What the task asks:
After locating the line with "Lil Uzi Vert" in the data that follows, return it and every later line exactly, up to and including the line with "After blooming, the".

Data to use:
§ §
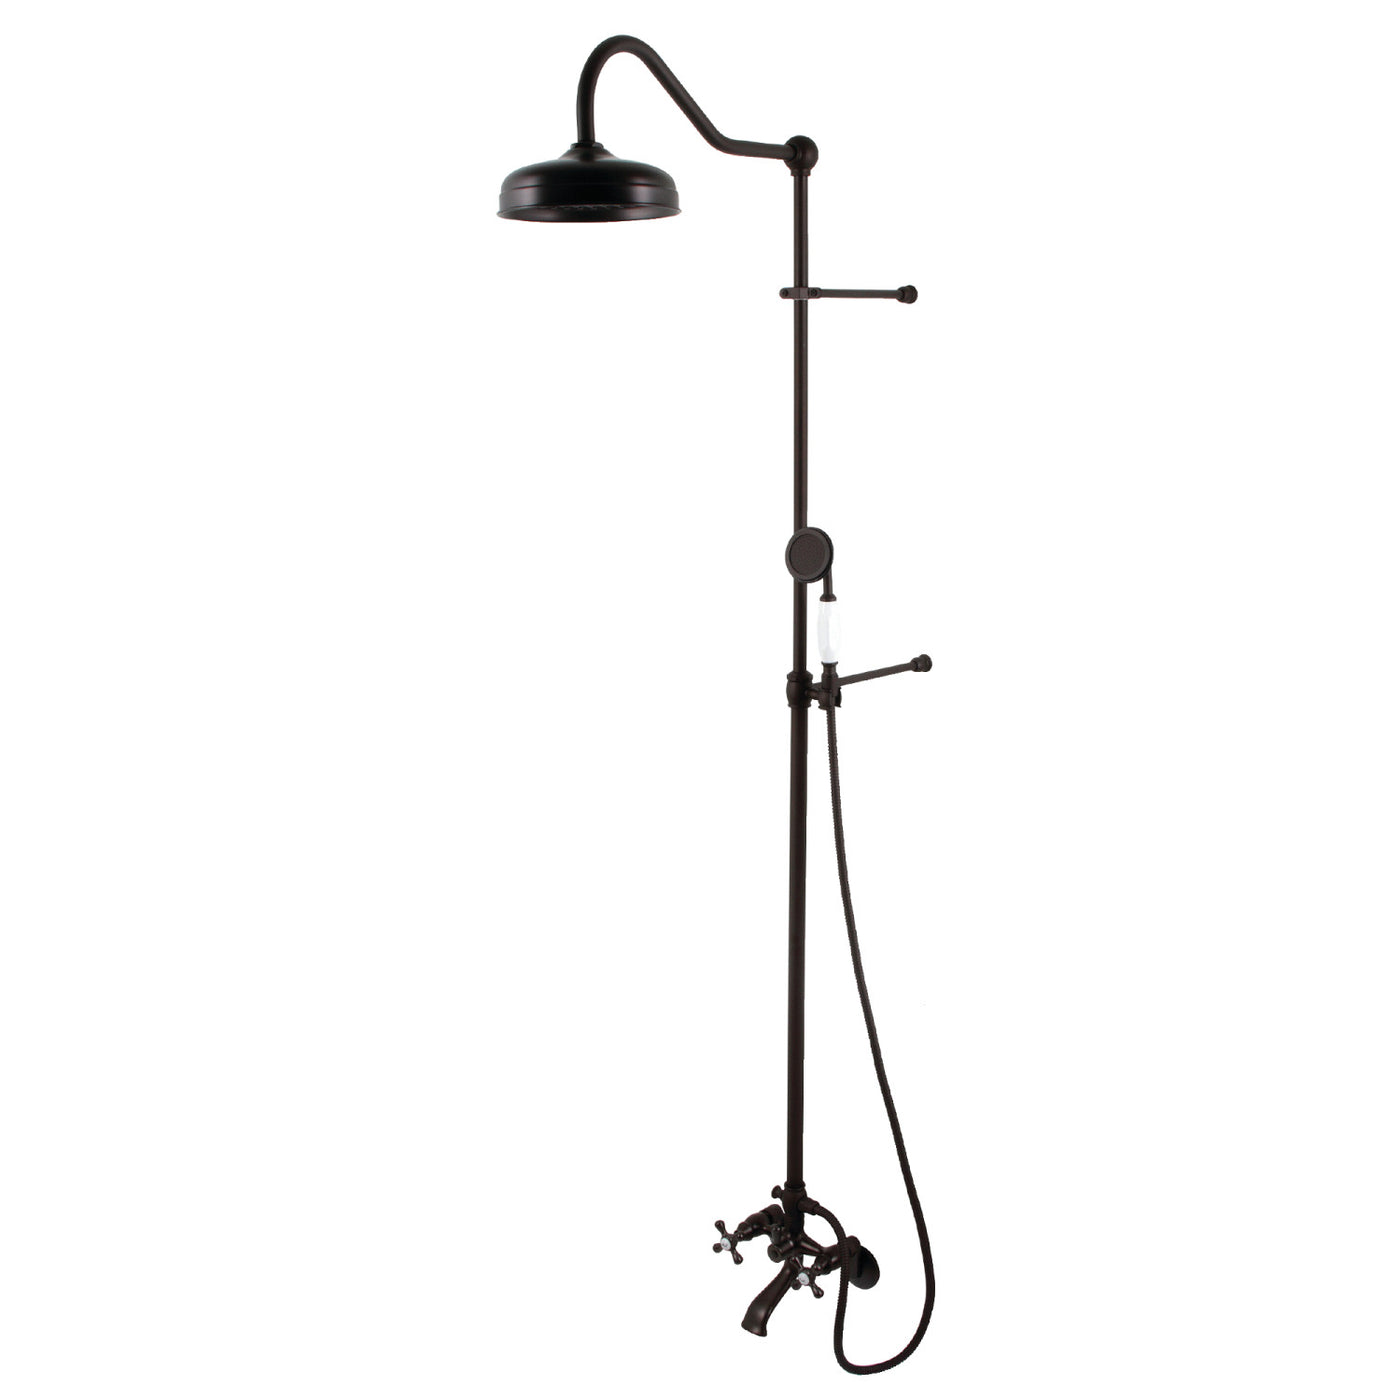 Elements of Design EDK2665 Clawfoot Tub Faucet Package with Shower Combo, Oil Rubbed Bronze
§ §
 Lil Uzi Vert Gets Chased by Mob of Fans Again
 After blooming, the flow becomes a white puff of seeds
§ §
Written solution:
 Lil Uzi Vert Gets Chased by Mob of Fans Again
 After blooming, the flow becomes a white puff of seeds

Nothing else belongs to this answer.